In the context of the prevailing trend toward more natural products, there seems to be an increasing
preference for raw milk consumption as raw milk is associated with several perceived health benefits
that are believed to be destroyed upon heating. However, many human pathogens can be isolated from
raw cow milk. The prevalence of foodborne pathogens in raw cow milk varies, but their presence has
been demonstrated in many surveys and foodborne infections have been repeatedly reported for
Campylobacter, Salmonella spp. and human pathogenic verocytotoxin-producing Escherichia coli. In
industrialized countries, milk-borne and milk product-borne outbreaks represent 2e6% of the bacterial
foodborne outbreaks.
The aim of this review is to present scientifically sound data regarding the risks and benefits related to
the consumption of raw and heated cow milk.
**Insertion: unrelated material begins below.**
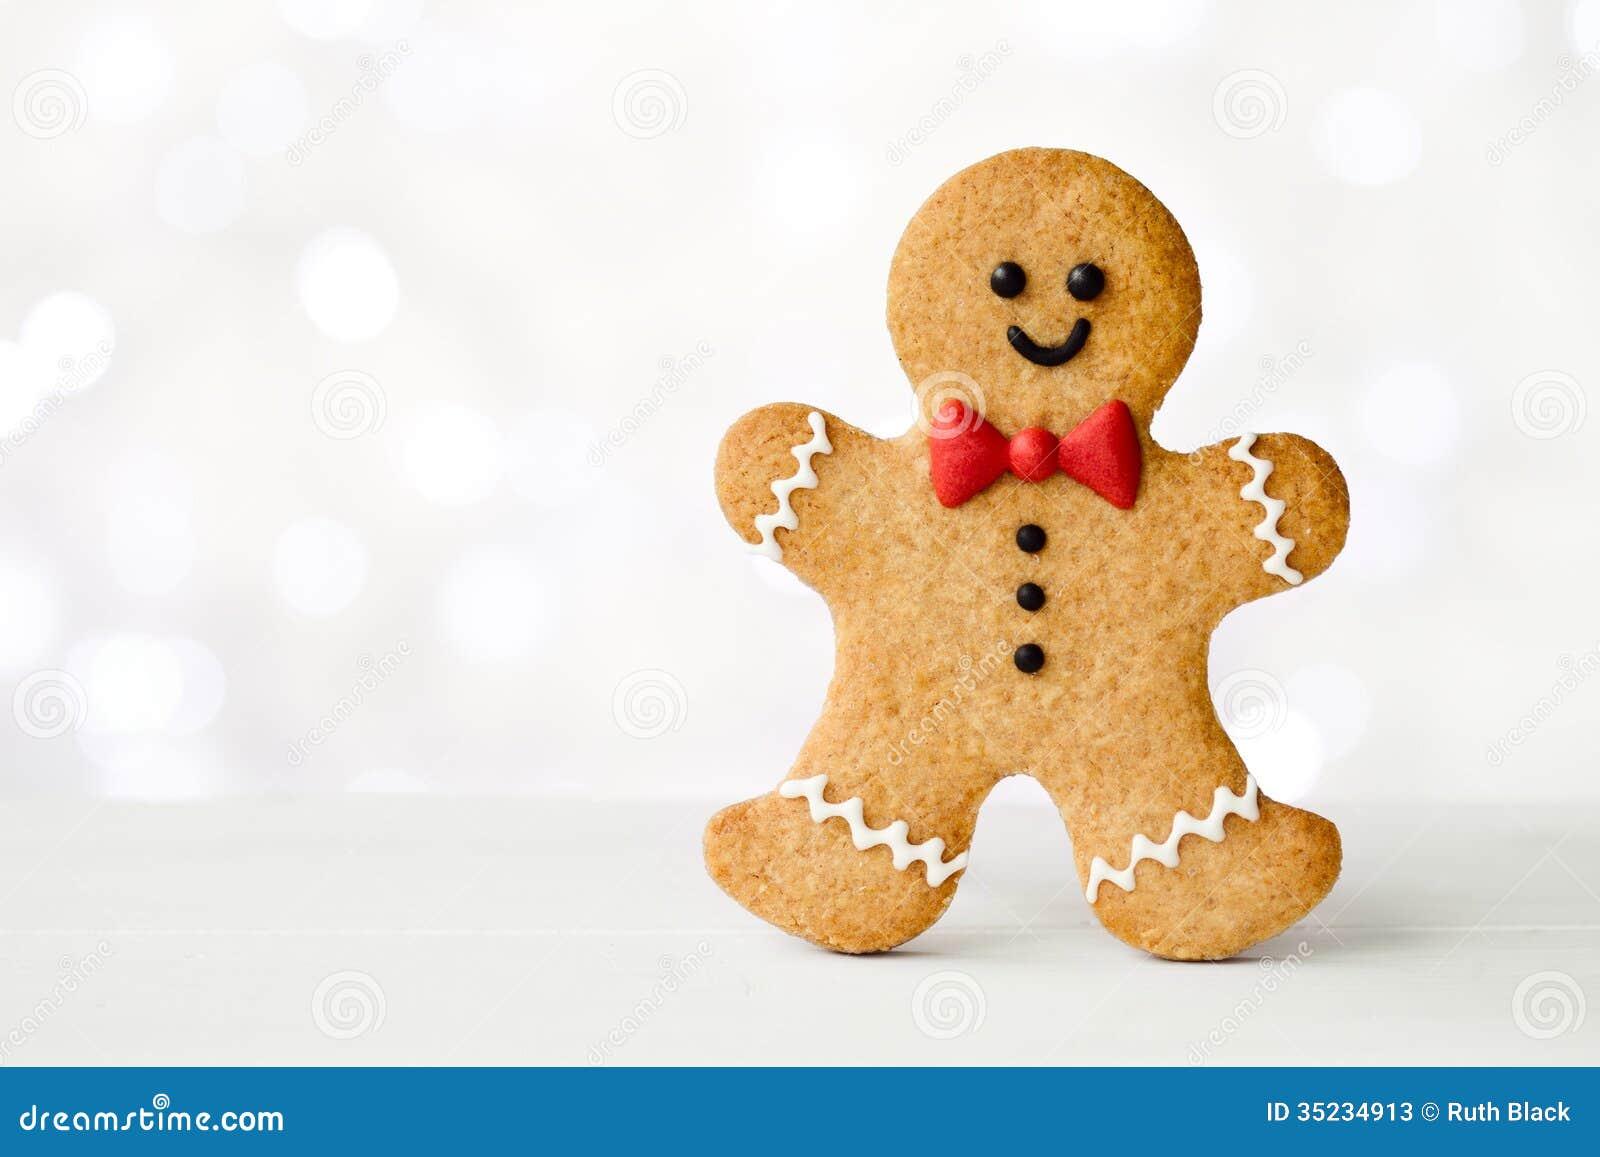 Gingerbread Man Stock Photos - Image: 35234913

Both microbiological aspects (e.g., the prevalence of
milk-borne pathogens, pathogen growth inhibition by antimicrobial systems and by lactic acid producing
bacteria, probiotic bacteria, etc.) and nutritional or health aspects (nutritional value, immunity, allergies,
lactose intolerance, diabetes, milk digestibility, etc.) are considered.
As such, it is demonstrated that consumption of raw milk poses a realistic health threat due to
a possible contamination with human pathogens. It is therefore strongly recommended that milk should
be heated before consumption. With the exception of an altered organoleptic profile, heating
(in particularly ultra high temperature and similar treatments) will not substantially change the
nutritional value of raw milk or other benefits associated with raw milk consumption.